MÂLİK b. DUHŞÜM

(مالك بن الدخشم)

Mâlik b. ed-Duhşüm b. Mâlik es-Sâlimî el-Ensârî

Sahâbî.

Evs kabilesine bağlı olup Medine’de yaşayan Amr b. Avf oğullarındandır. Hazrec kabilesine mensup olduğu da söylenmektedir. Babasının adı Duhayşim, Duhşün, Duhayşin diye de kaydedilmektedir. Annesi Umeyre bint Sa‘d b. Kays b. Amr b. İmruülkays’tır.


Mâlik b. Duhşüm’ün Akabe’de bulunup bulunmadığı tartışma konusu edilmekle birlikte başta Bedir olmak üzere bütün gazvelere katılmış, Bedir’de Süheyl b. Amr’ı esir alması ona büyük şöhret kazandırmıştır. Hz. Peygamber, Tebük dönüşünde Mâlik b. Duhşüm’ü Âsım b. Adî, bazı kaynaklara göre ise Ma‘n b. Adî ile veya üçünü birlikte (İbn Abdülber, ed-Dürer, s. 242) münafıkların İslâmiyet aleyhinde faaliyet göstermek için, Amr b. Avf oğulları mahallesinde yaptırdıkları Mescid-i Dırâr’ı ortadan kaldırmakla görevlendirmiş, onlar da bu görevi başarıyla tamamlamışlardır.

Mâlik b. Duhşüm hakkında gerekçesi açıklanmayan bir nifak iddiası ileri sürülmüştür.

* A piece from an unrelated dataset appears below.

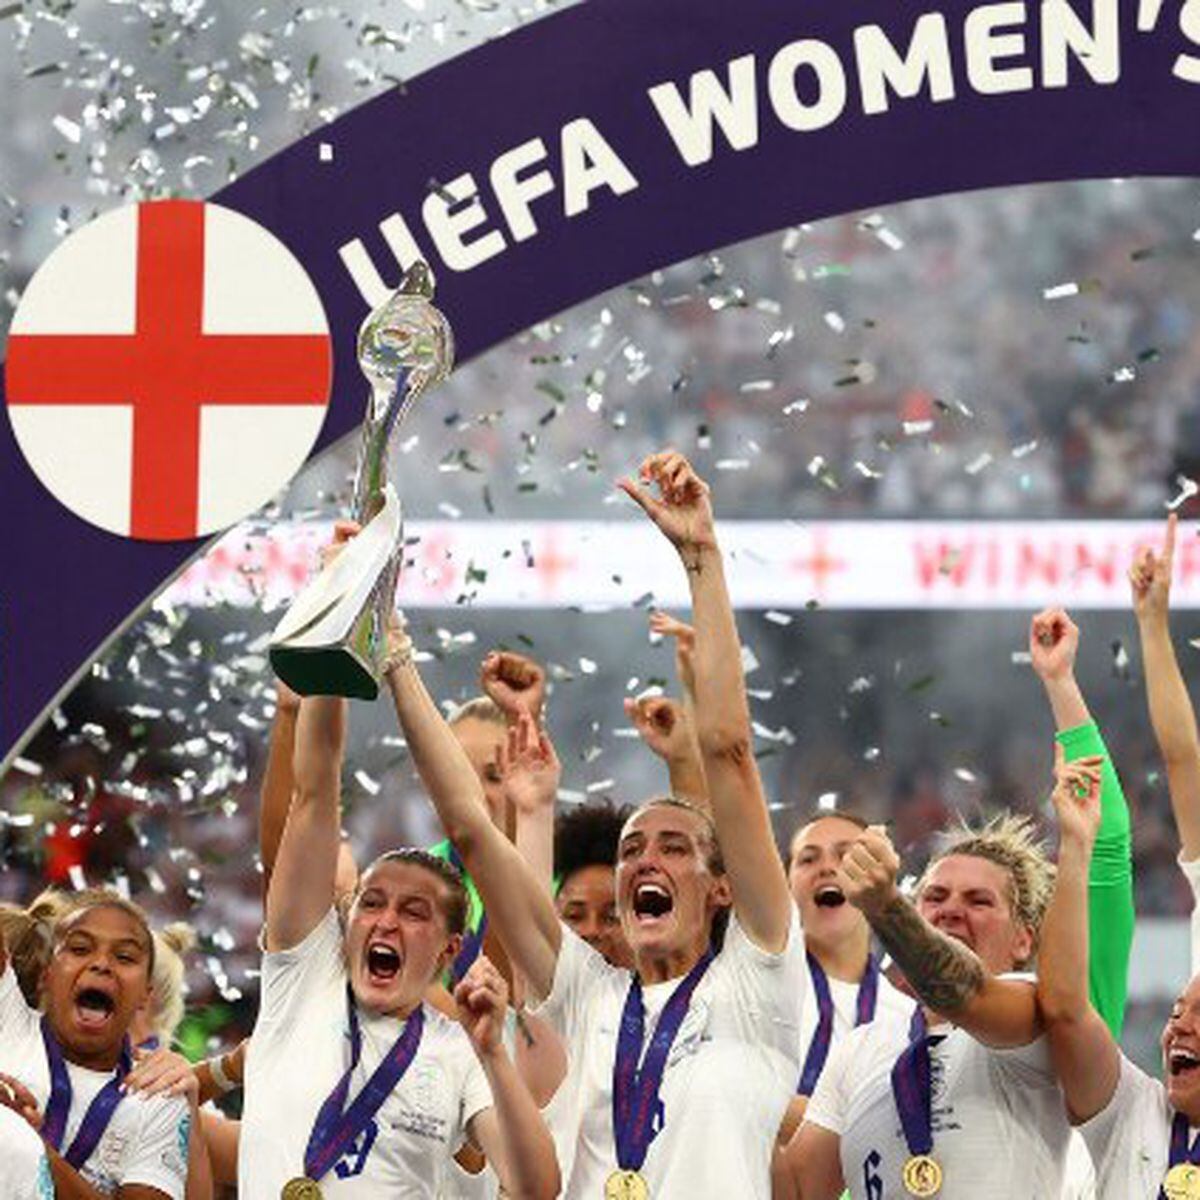 Inglaterra vence Áustria por 1x0 na abertura da Eurocopa feminina
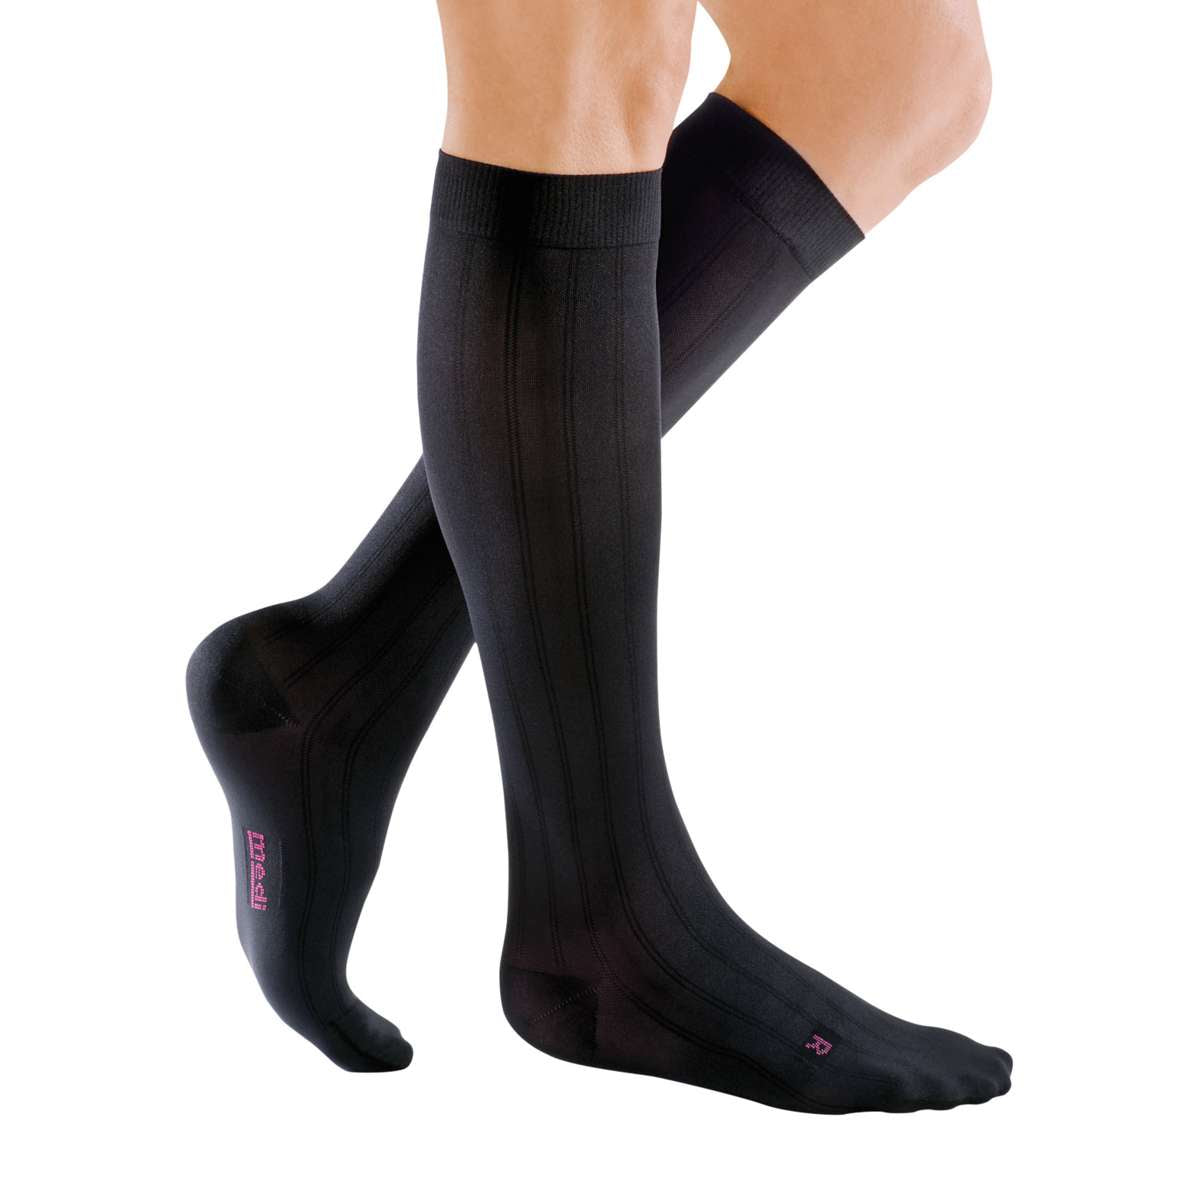 mediven for men classic 15-20 mmHg Calf High Closed Toe Compression Stockings

Onun bazı münafıklarla sosyal ilişkiler kurmasının ve onlarla iyi geçinmesinin böyle bir dedikoduya yol açmış olması muhtemeldir. “Mâlik b. Duhşüm, Allah ve Resulü’nü sevmeyen bir münafıktır” diyen bir kişiyi Hz. Peygamber böyle konuşmaktan menetmiş ve, “Onun lâ ilâhe illallah dediğini görmüyor musun?” demiştir (Müsned, III, 174; IV, 44; V, 449, 450; Buhârî, “Śalât”, 46, “Teheccüd”, 36, “EŧǾime”, 15, “İstitâbetü’l-mürteddîn”, 9; Müslim, “Îmân”, 54, 55, “Mesâcid”, 263, 264). İbn Abdülber, Mâlik b. Duhşüm’ün nifakla itham edilmesini doğru bulmamış, iyi bir müslüman olduğunu ortaya koyan davranışlarının böyle suçlamalara imkân vermeyeceğini söylemiştir. Onun Bedir Gazvesi’ndeki kahramanlığı, Mescid-i Dırâr’ı ortadan kaldırmak gibi önemli bir görevi Resûl-i Ekrem’in ona vermesi ve savaş meydanlarındaki yiğitliği Hz. Peygamber’e olan bağlılığını ortaya koymaktadır. Mâlik b. Duhşüm, Cemîle bint Übey b. Selûl ile evlenmiş, bu evlilikten Resûlullah’a biat eden hanımlardan biri olan Fürey‘a dünyaya geldiyse de nesli devam etmemiştir.

BİBLİYOGRAFYA:

Müsned, III, 174; IV, 44; V, 449, 450; VI, 9; Buhârî, “Śalât”, 46, “Teheccüd”, 36, “EŧǾime”, 15, “İstitâbetü’l-mürteddîn”, 9; Müslim, “Îmân”, 54, 55, “Mesâcid”, 263, 264; Vâkıdî, el-Meġāzî, I, 105, 117, 143, 282; III, 1046; İbn Hişâm, es-Sîre, II, 303, 304; IV, 174; İbn Sa‘d, eŧ-Ŧabaķāt, III, 466, 549; VIII, 380, 382, 383; Ebû Ubeyd Kāsım b. Sellâm, en-Neseb (nşr. Meryem M. Hayrüddir‘), Beyrut 1410/1989, s. 284; Fesevî, el-MaǾrife ve’t-târîħ, III, 559; İbn Abdülber, el-İstîǾâb, III, 372, 373; a.mlf., ed-Dürer fî İħtiśâri’l-meġāzî ve’s-siyer (nşr. Şevkī Dayf), Kahire 1983, s. 242; Nevevî, Şerĥu Müslim, I, 243, 244; İbn Hacer, el-İśâbe (Bicâvî), V, 721-722; VI, 41; VII, 556-557, 562; a.mlf., Fetĥu’l-bârî (Hatîb), I, 621; Tecrid Tercemesi, II, 365, 366.